» **EXERCISE DESCRIPTION**
Starting at the line that contains "Outlook.com options categories", write out each line through the end of the data below, exactly as it stands. Skip any pictures.

(Collected data)
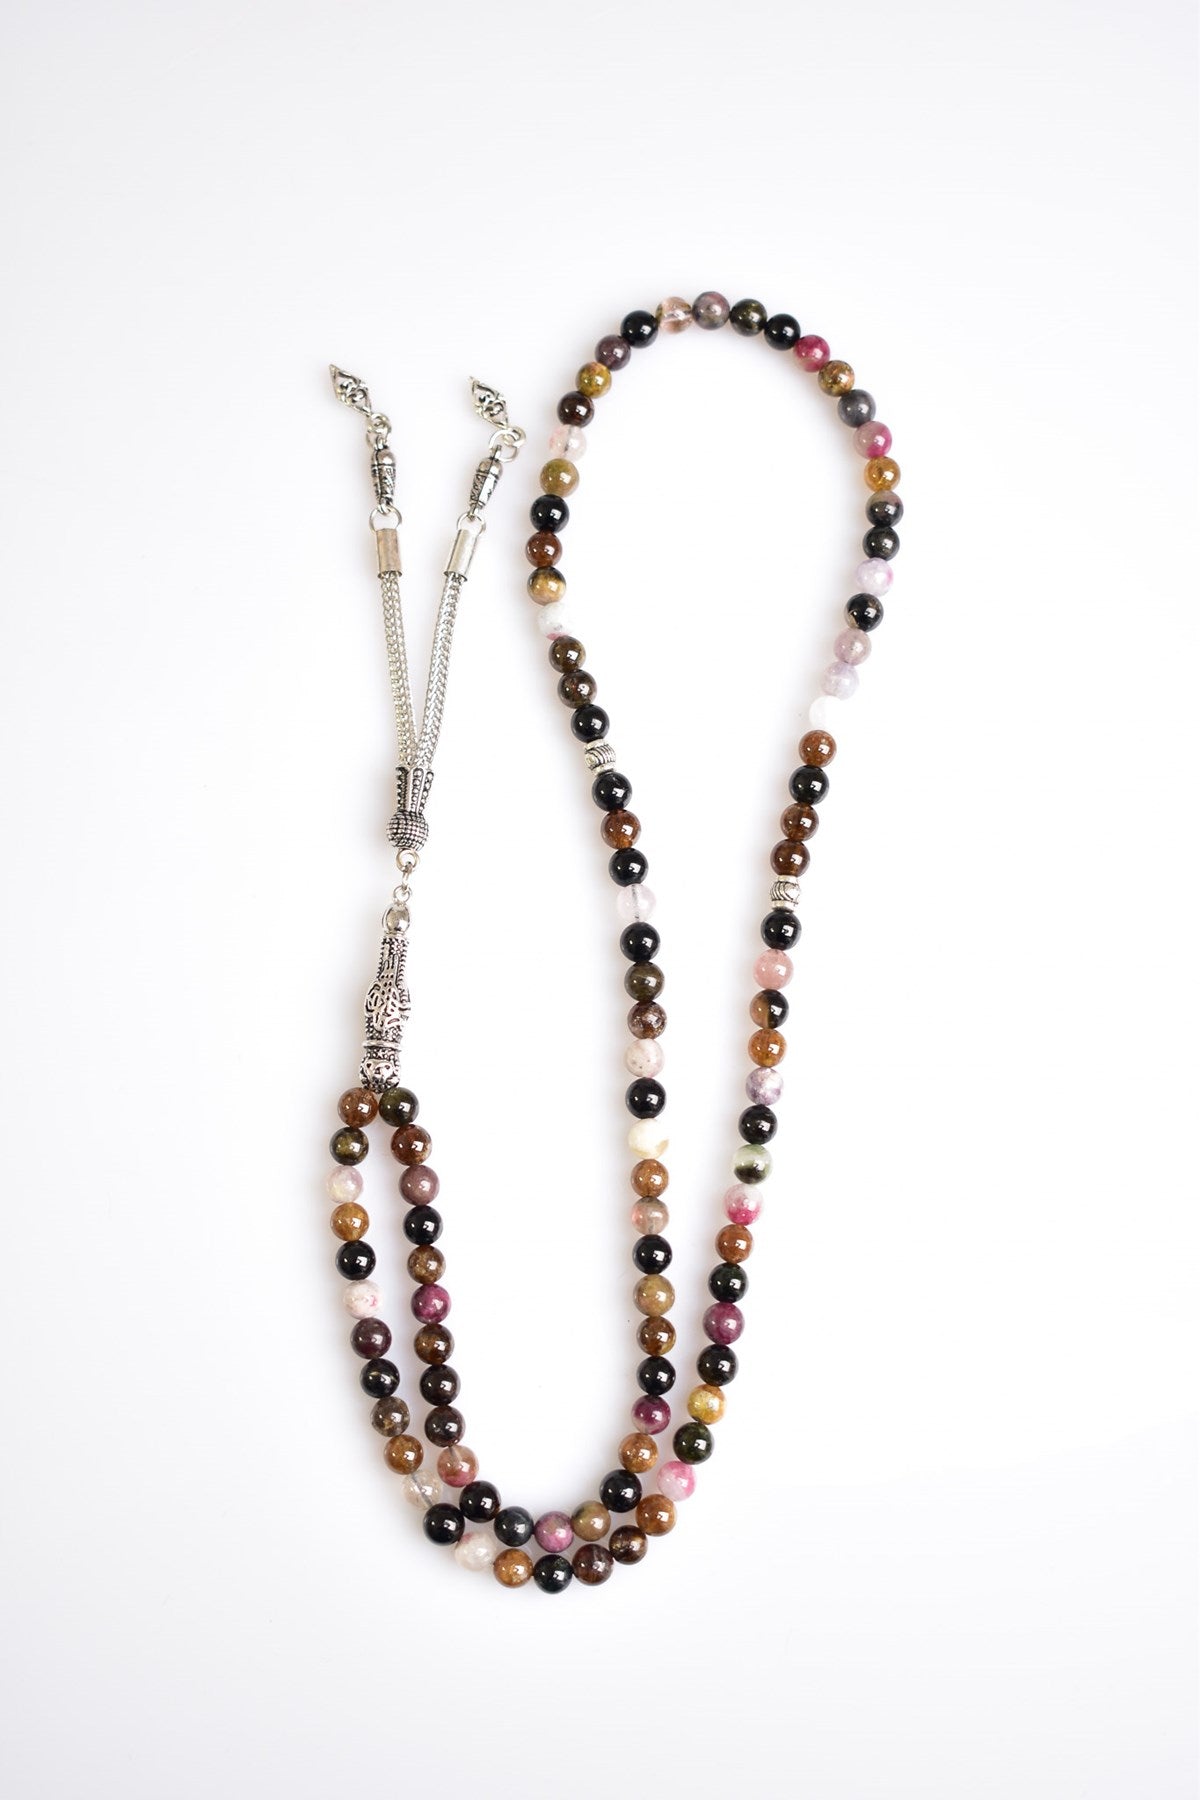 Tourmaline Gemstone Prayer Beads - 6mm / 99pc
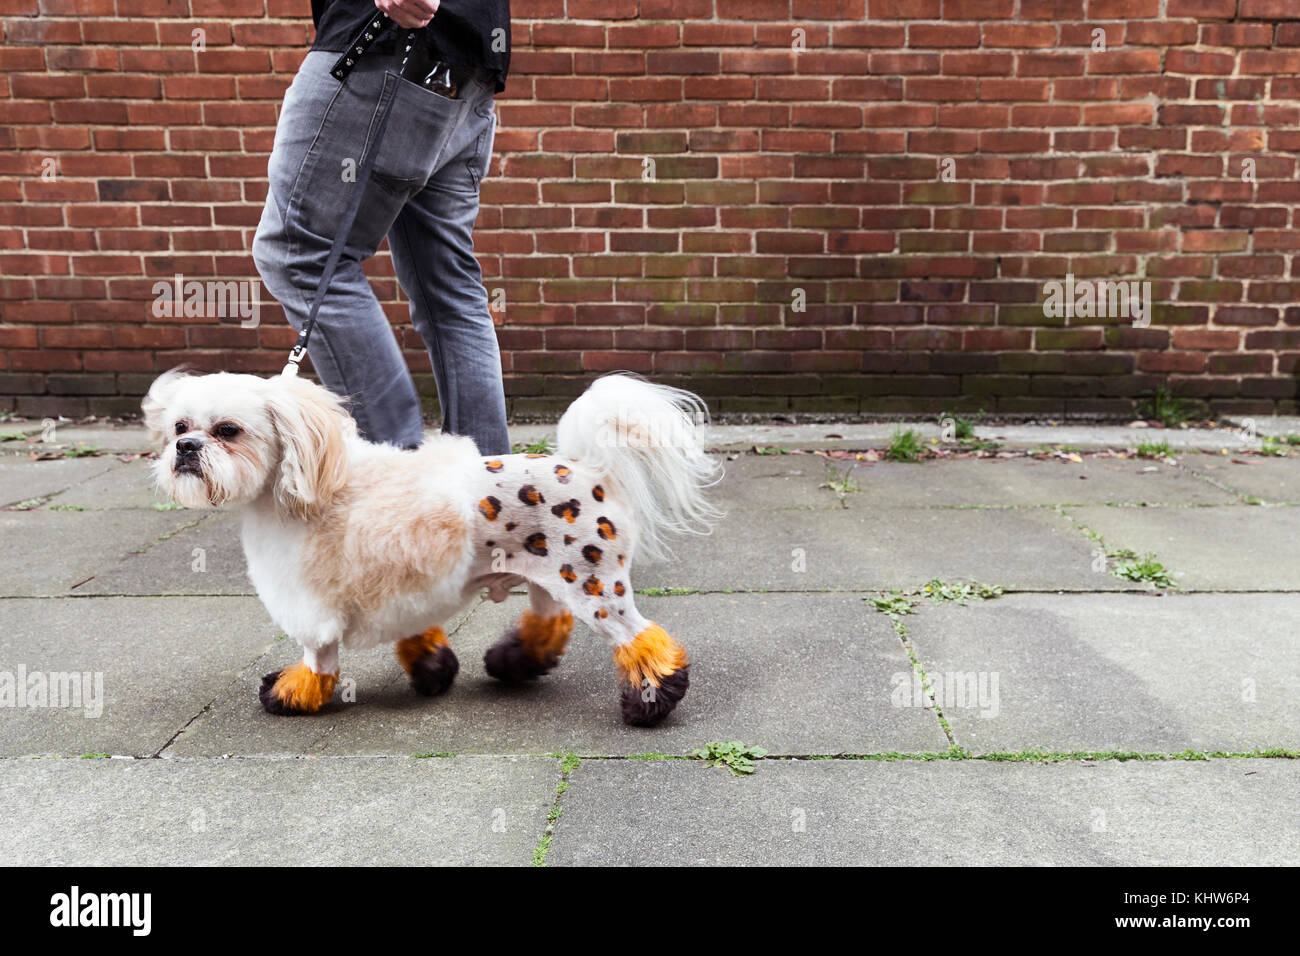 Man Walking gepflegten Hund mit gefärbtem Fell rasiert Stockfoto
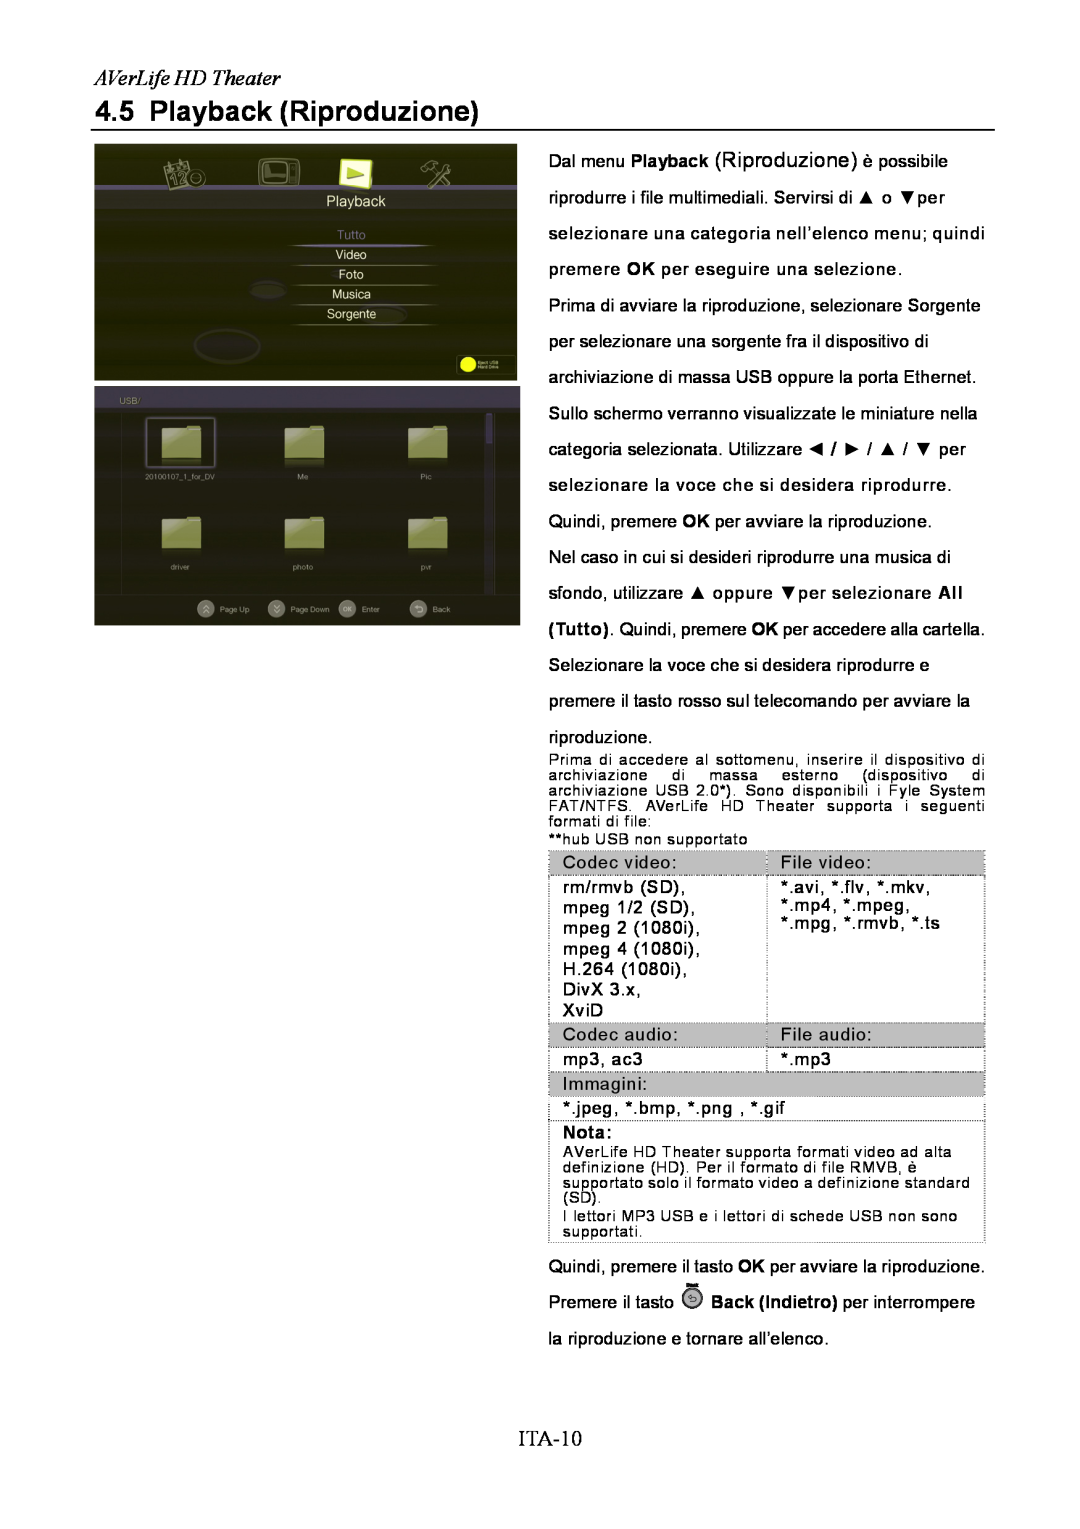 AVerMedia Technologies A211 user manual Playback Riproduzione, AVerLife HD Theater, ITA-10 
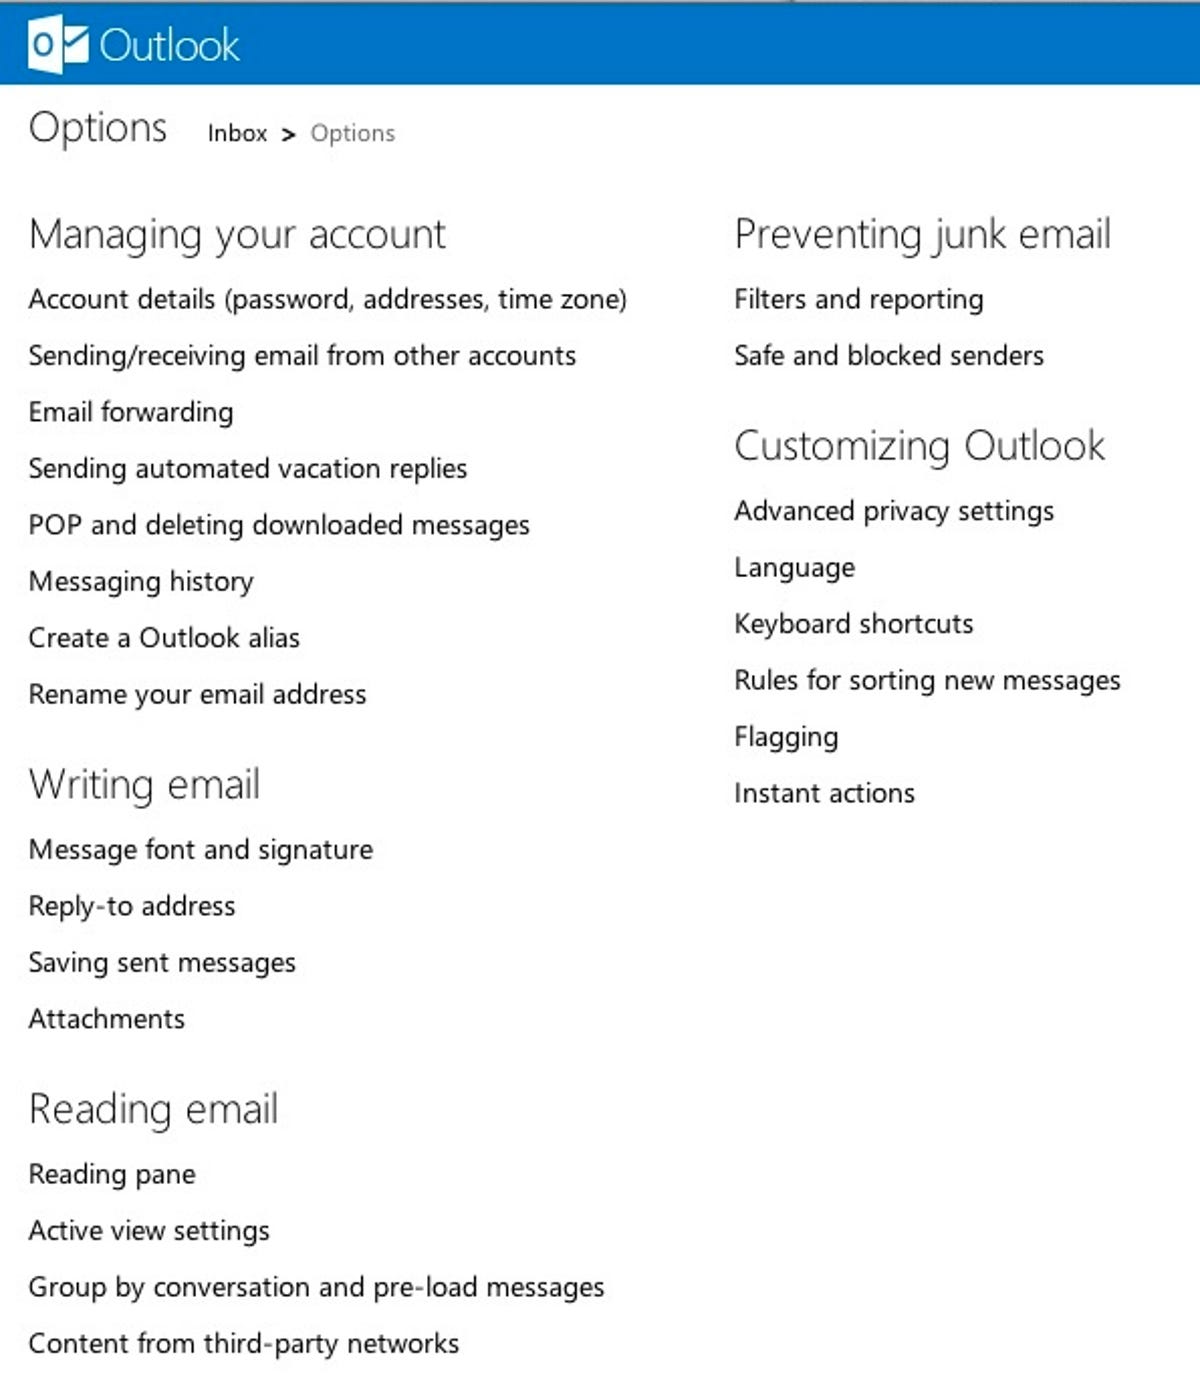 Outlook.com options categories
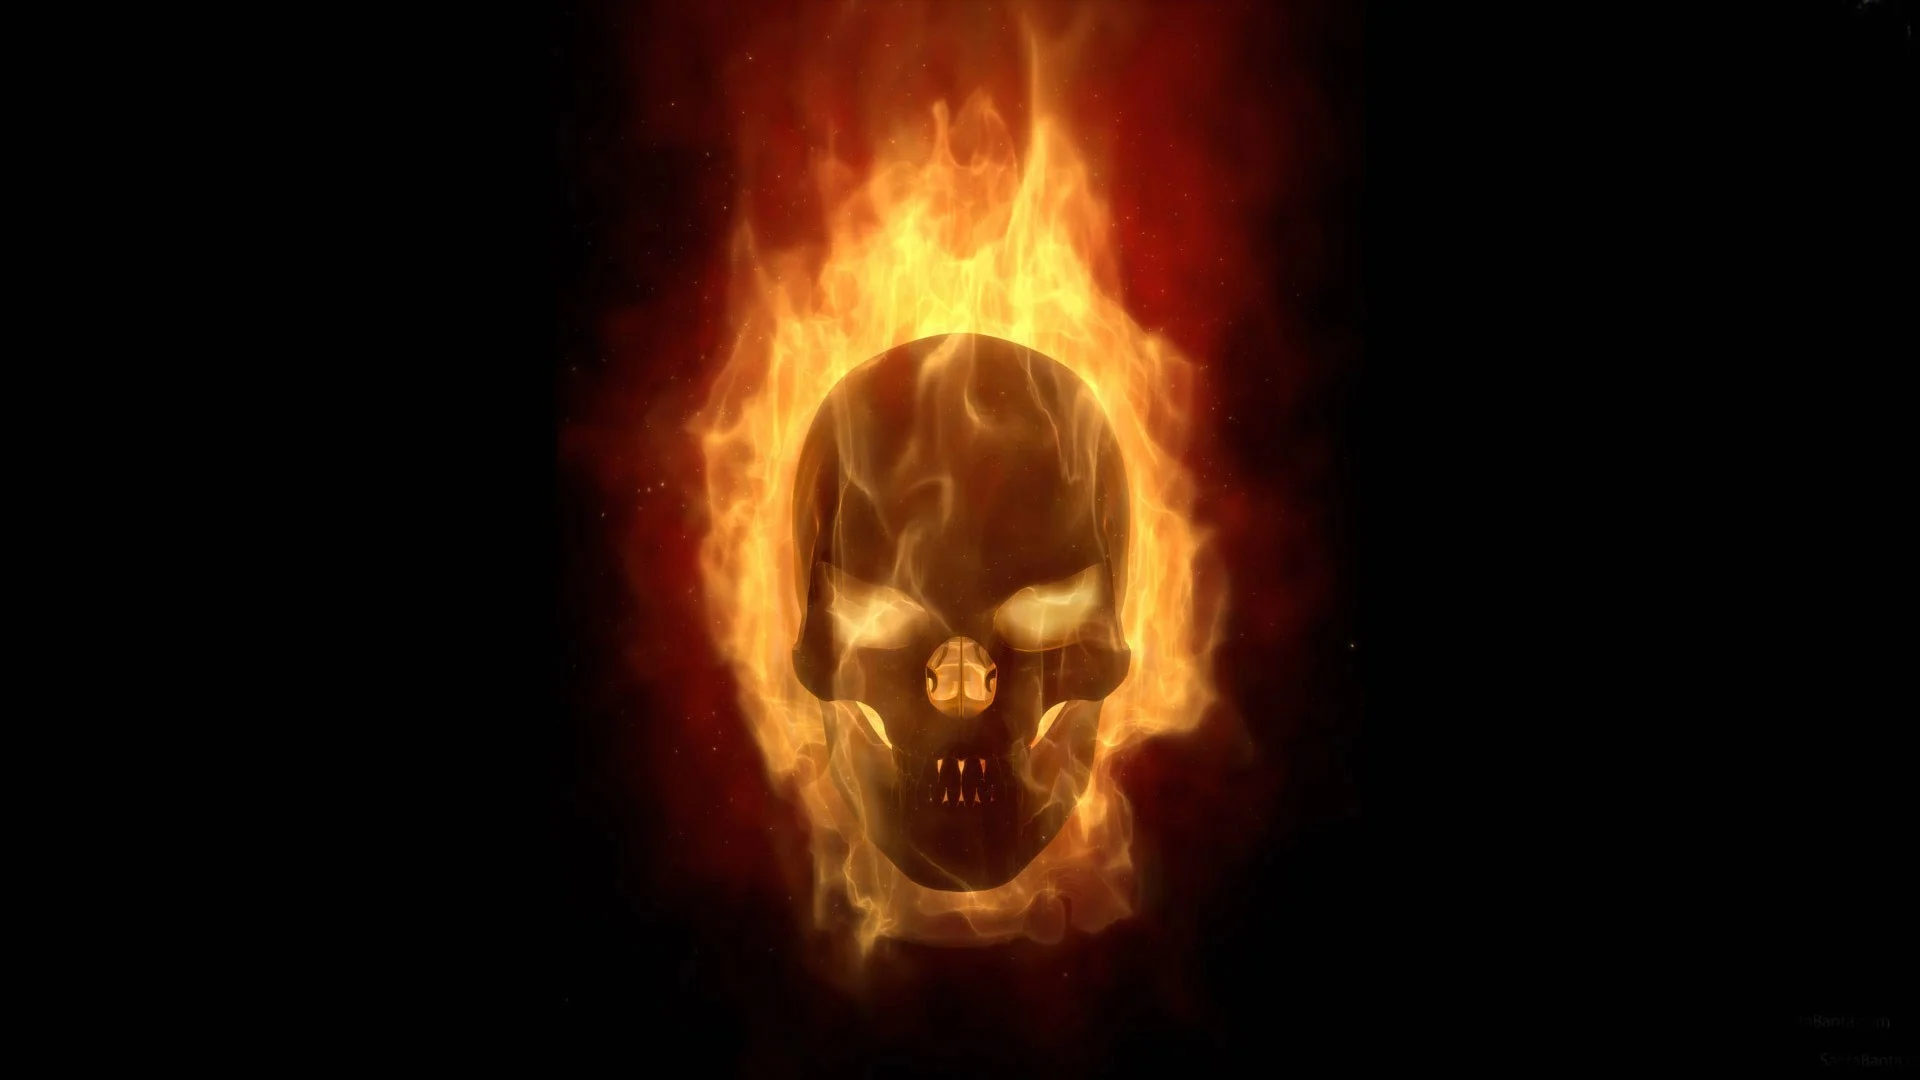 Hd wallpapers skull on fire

» **REPLY**
 Outlook.com options categories
 Hd wallpapers skull on fire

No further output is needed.